A soldering iron is actually the preferred method for this type of reflowing. Use a toothpick or something to hold the cap in place or it may stick to your iron tip.
Using "bigger"? As in voltage rating..... That shouldn't be too much of an issue but you don't want to change the value of it (mfd, ufd, pfd). Better quality units could help but need to know the stock values.


----------



## shiftline (Feb 21, 2015)

I emailed the company a pic so hopefully they ship out a replacement board or atleast tell me what the values are. 

For now I'll try the solder/toothpick/flux method 

Thanks again for your help!


Sent from my iPhone using Candlepowerforums


----------



## FRITZHID (Feb 21, 2015)

No prob! Hope you get it sorted out and are whine free soon!


----------



## shiftline (Feb 21, 2015)

I tried flux and re flowing the solder for 2 of the caps on ch1 and no change. How ever if I use an eraser and apply pressure around the caps it quiets it down quite a bit. This worked for other Chanel's on the board. Almost like the ceramic smt caps vibrate and transfer the vibration to the board to amplify the sound 



Sent from my iPhone using Candlepowerforums


----------



## Lynx_Arc (Feb 21, 2015)

It's possible the caps are acting like passive radiators (speakers) and something is sending vibrations through the board itself like maybe a transformer.
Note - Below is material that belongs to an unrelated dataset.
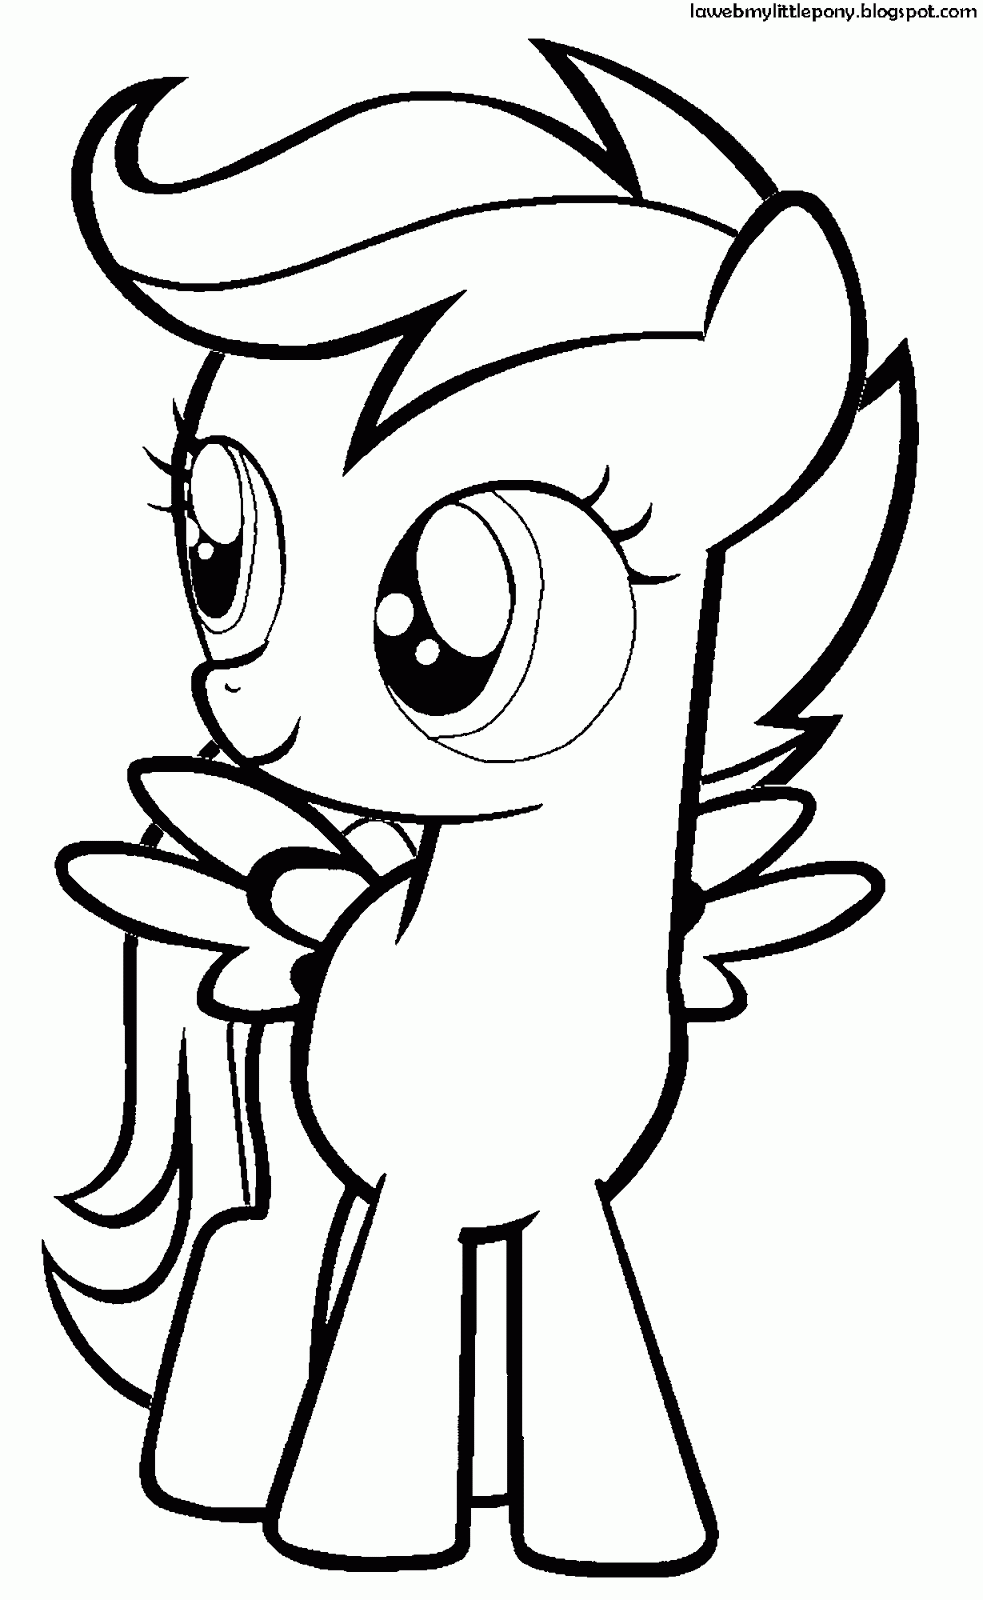 pony para colorear e imprimir dibujo de fluttershy para colorear dibujos de my little e para colorear pony imprimir

One more thing you can do is try a hard wooden rod and press it on the board and on you head with your ears stopped and on several areas and hard components to see if some are buzzing louder or not


----------



## uk_caver (Feb 21, 2015)

It's only a thought, but might a blob of silicone or epoxy help regarding damping?
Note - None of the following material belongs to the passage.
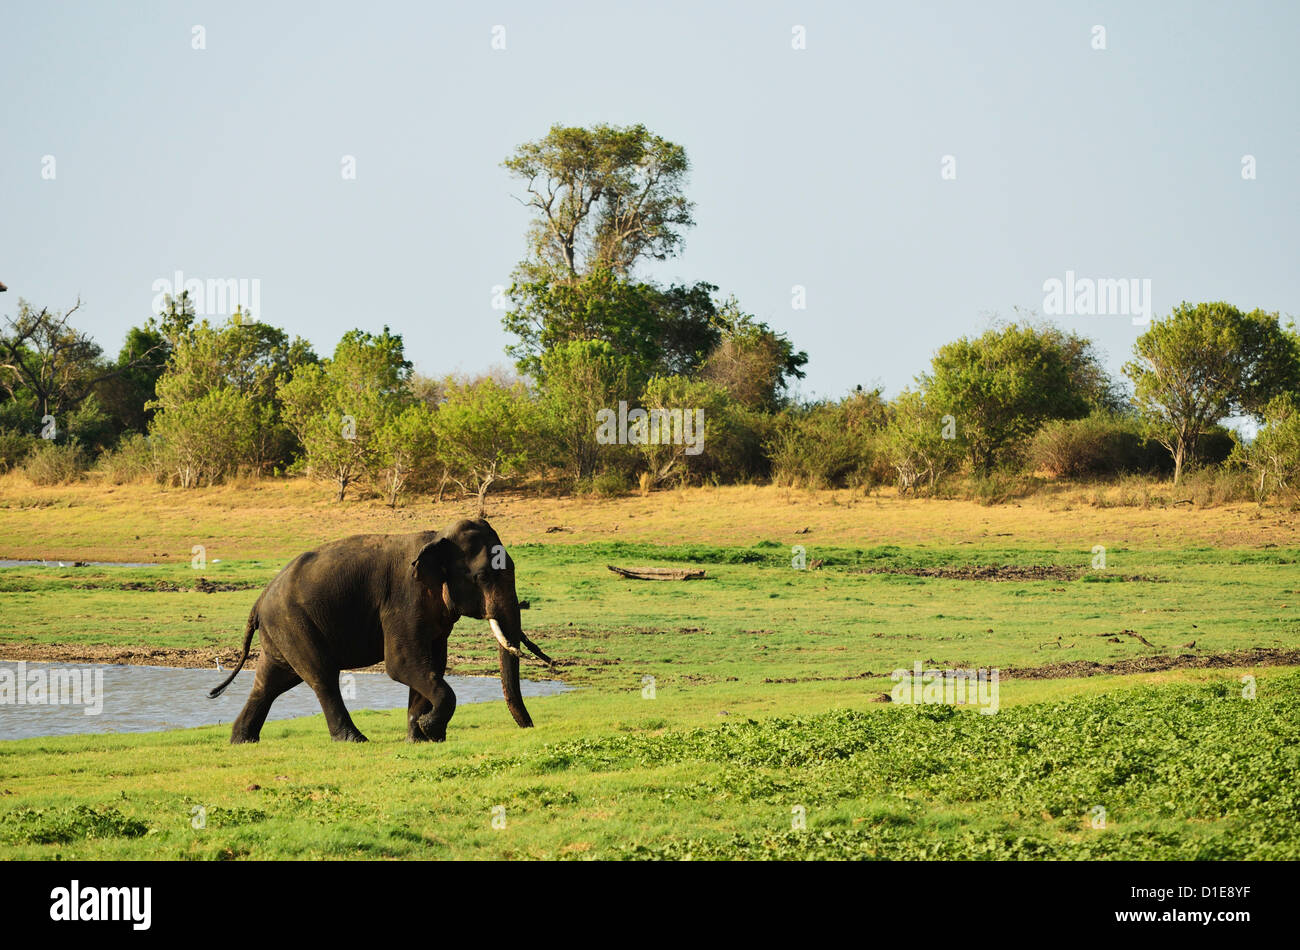 Sri Lankan elephant (Elephas maximus maximus), Minneriya National Park, Sri Lanka, Asia Stock Photo

Ideally, silicone would be the acid-free electonic-compatible variety, though that could be a pain if only a small amount is needed. The tube I have was eye-wateringly expensive compared to regular silicone, but I use it for lots of things, so per use it's fairly cheap.

And is noise purely a ceramic/electrolytic divide, or are some kinds of ceramic caps predictably more prone to this than others?


----------



## shiftline (Feb 21, 2015)

I also read people using hot glue over the caps sometimes help. If I press across the row with a strip of wood it dampens it. Hot glue or silicone may do the trick... How hard would it be to remove in the off chance they wanted me to send the board back and warranty it? (It's Chinese New Year so not much for replies over the next week)

Something to bond it all together or apply pressure to make it one and stop the vibration likely would fix it. Such a strange problem to have!


Sent from my iPhone using Candlepowerforums


----------



## FRITZHID (Feb 21, 2015)

Better to try crazy glue. Unlike epoxy or silicone, it will flow under the cap more and then harden..... As well as easier removal then epoxy if it doesn't work.


----------



## DIWdiver (Feb 21, 2015)

shiftline said:


> Almost like the ceramic smt caps vibrate and transfer the vibration to the board to amplify the sound.



That's exactly what's happening. Ceramic capacitors have a piezoelectric effect, where voltage changes cause mechanical changes, and vice-versa. Every watch or other small electronic device that emits a single-tone beep uses this effect to generate the sound. Also the backup warnings on most commercial vehicles (yes, those really loud beepers) use this effect.

The problem is that the PWM controller causes large voltage changes at the input to the light bar (the small board where the offending caps are). The caps are too low in value to smooth this out, which is by design. If they were large enough to smooth out the voltage changes, they would overload the controller.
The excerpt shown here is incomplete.